To fix sy-subrc 15, you must stop thinking like an ABAPer and start thinking like a Linux Systems Administrator (or Windows Administrator). The operating system returned EACCES (Error: Permission denied) to the SAP kernel. Here is what causes that kernel error.
In ABAP, sy-subrc (Return Code) is a global system field that indicates the success or failure of the last operation. A 0 means success. Any non-zero value indicates a specific problem.

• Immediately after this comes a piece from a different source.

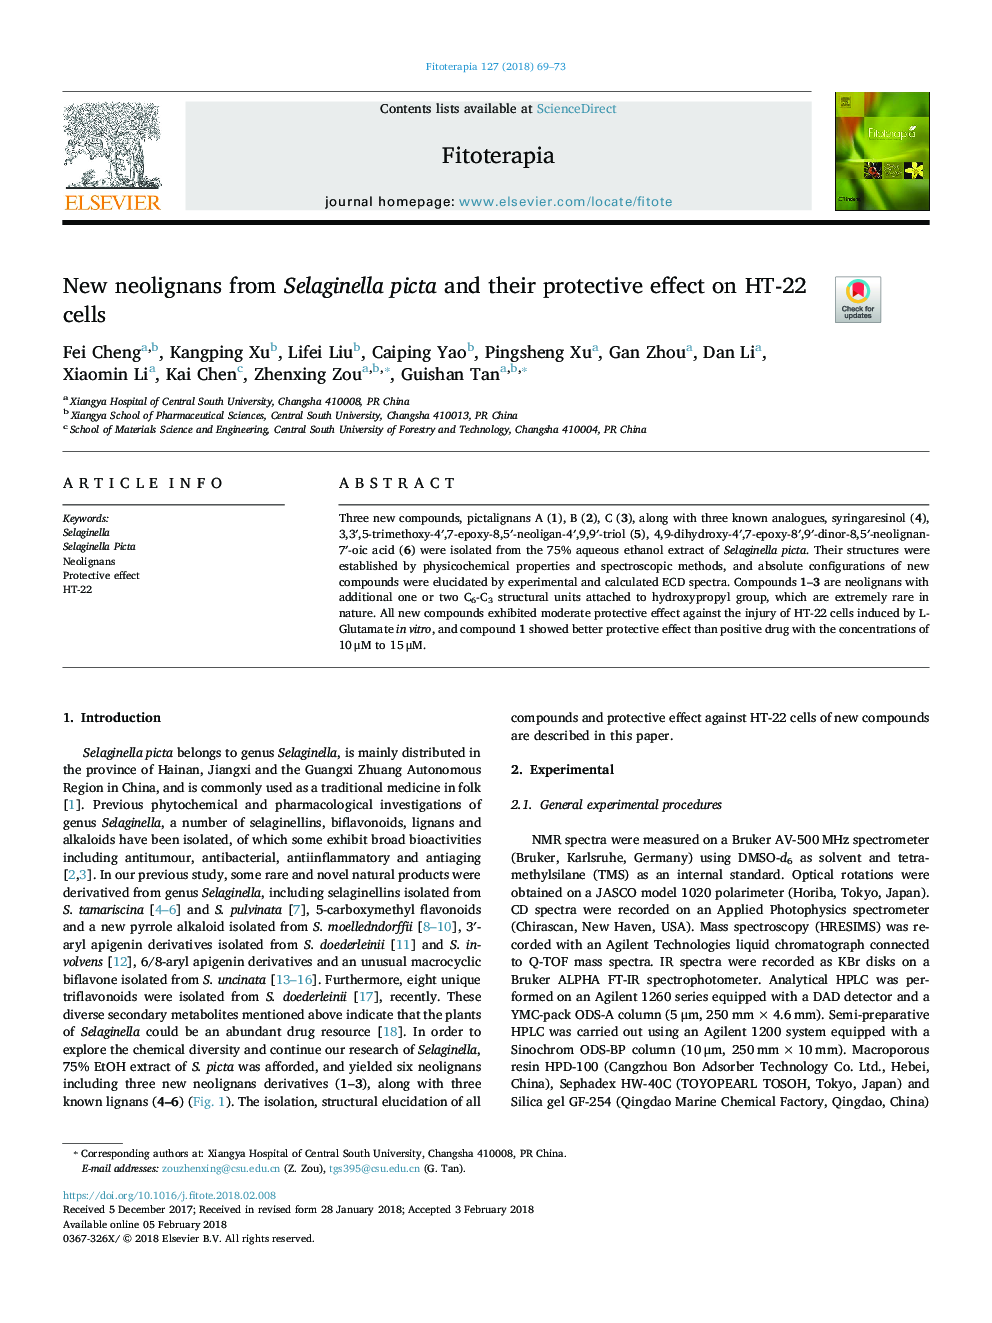 New neolignans from Selaginella picta and their protective effect on HT-22 cells

For standard OpenSQL operations, 4 might mean "no rows found." However, for low-level system operations—specifically File handling (OPEN DATASET) and External command execution (CALL 'SYSTEM')—the code 15 takes on a distinct personality. access denied sy-subrc 15
find /path/to/directory -type d -exec chmod 755 {} ; find /path/to/directory -type f -exec chmod 644 {} ;
Restart the SAP work process (or wait for a new work process to pick up the changed OS user group). To fix sy-subrc 15 , you must stop
According to SAP documentation, when using OPEN DATASET or CALL 'SYSTEM', sy-subrc 15 translates to:
"Access denied. No authorization for this access."
Wait—"No authorization"? Does this mean an SAP Authorization object (like S_DATASET or S_LOG_COM) is missing? Not exactly. This is the most common misconception. Restart the SAP work process (or wait for
While SAP authorizations play a role, sy-subrc 15 originates from the underlying operating system (Linux, AIX, or Windows). The kernel-level file system has rejected the request. The SAP authorization check happened earlier; sy-subrc 15 happens after the kernel tries to execute the command on the file system.